John Doucet, head of the Department of Biological Sciences, believes that Boopathy’s research is extremely beneficial in all aspects.

“Dr.Boopathy’s research is contributing to the understanding of the utilization of the natural resources of not only this nation but the world,” Doucet said. “This is a significant achievement coming from a small university like Nicholls.”

Debra Benoit, director of Research and Sponsored Programs, said that Boopathy’s research has been funded by grants from the American Sugarcane League and the U.S. Department of Energy.

“Most of his funds do come from the Department of Energy, but he has also had smaller sources like money from British Petroleum,” Benoit said. “It is all the same work, he just does different segments of the work depending on the funds he is given and what they allow for.”

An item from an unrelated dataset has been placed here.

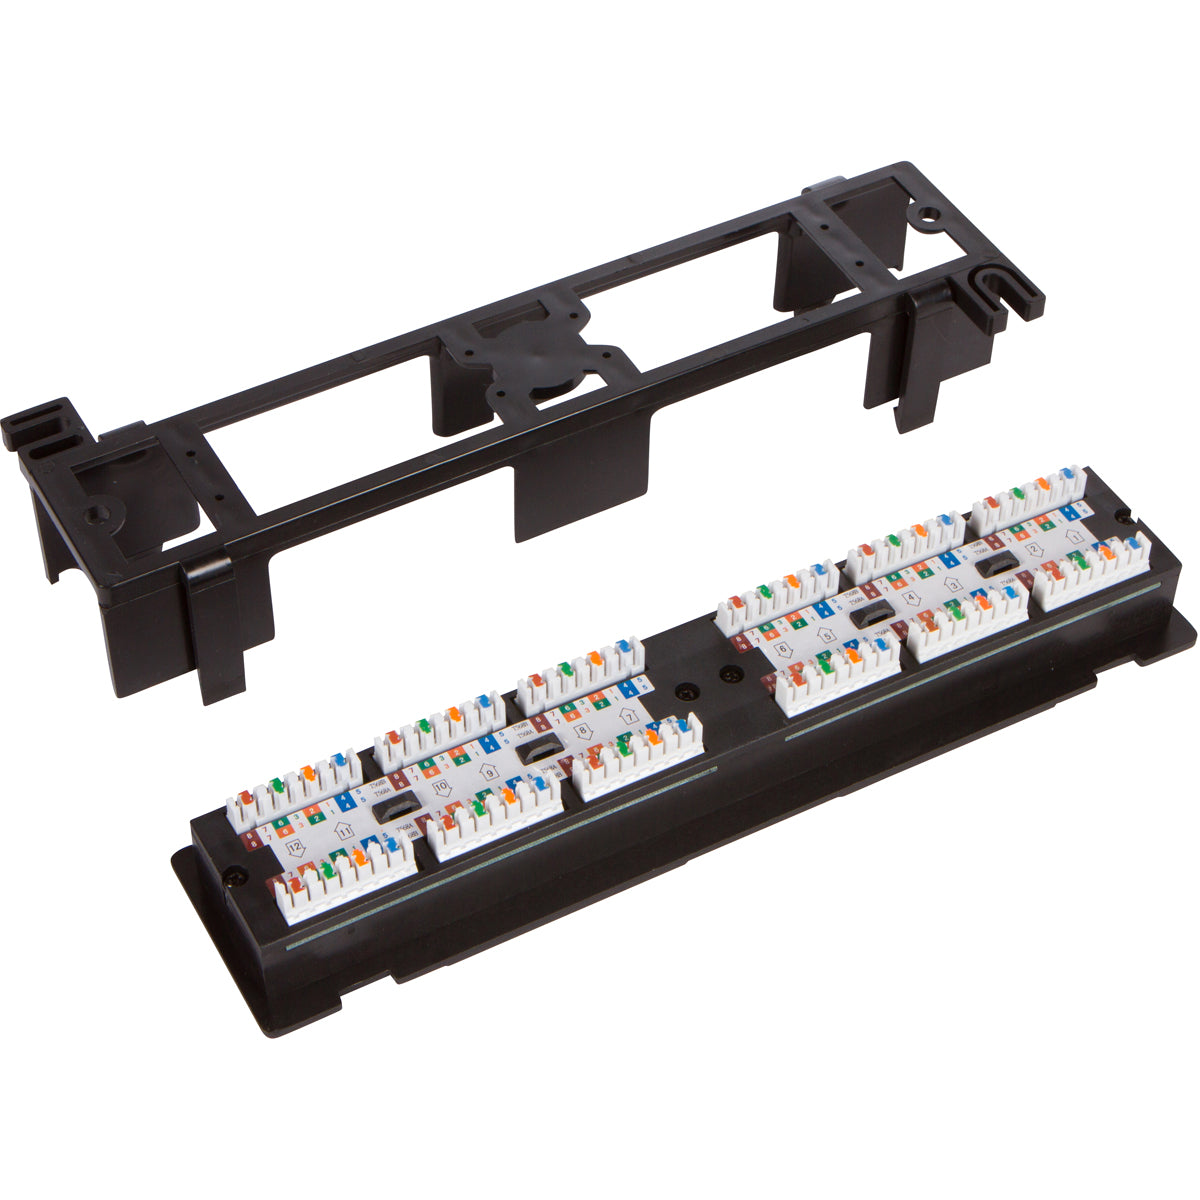 Buyer’s Point 12 Port UTP 10 inch Cat6 Network Wall Mount Surface Patch Panel - Milena International Inc

The U.S. Department of Energy grant will end in December 2012. Boopathy said he is writing another proposal showing the benefits of the research to request another grant.

Dupre said that working in the lab has been an educational experience because the lab assistants do a lot of the hand-on research.

“David [Samaha] and I do a lot of the dirty work,” Dupre said.

Samaha said that working on the research with Boopathy has b
een a good experience.

“Most undergraduate students don’t have the opportunity to work in a research setting,” Samaha said. “It is usually reserved for graduate students, but at Nicholls we are small enough to do it.”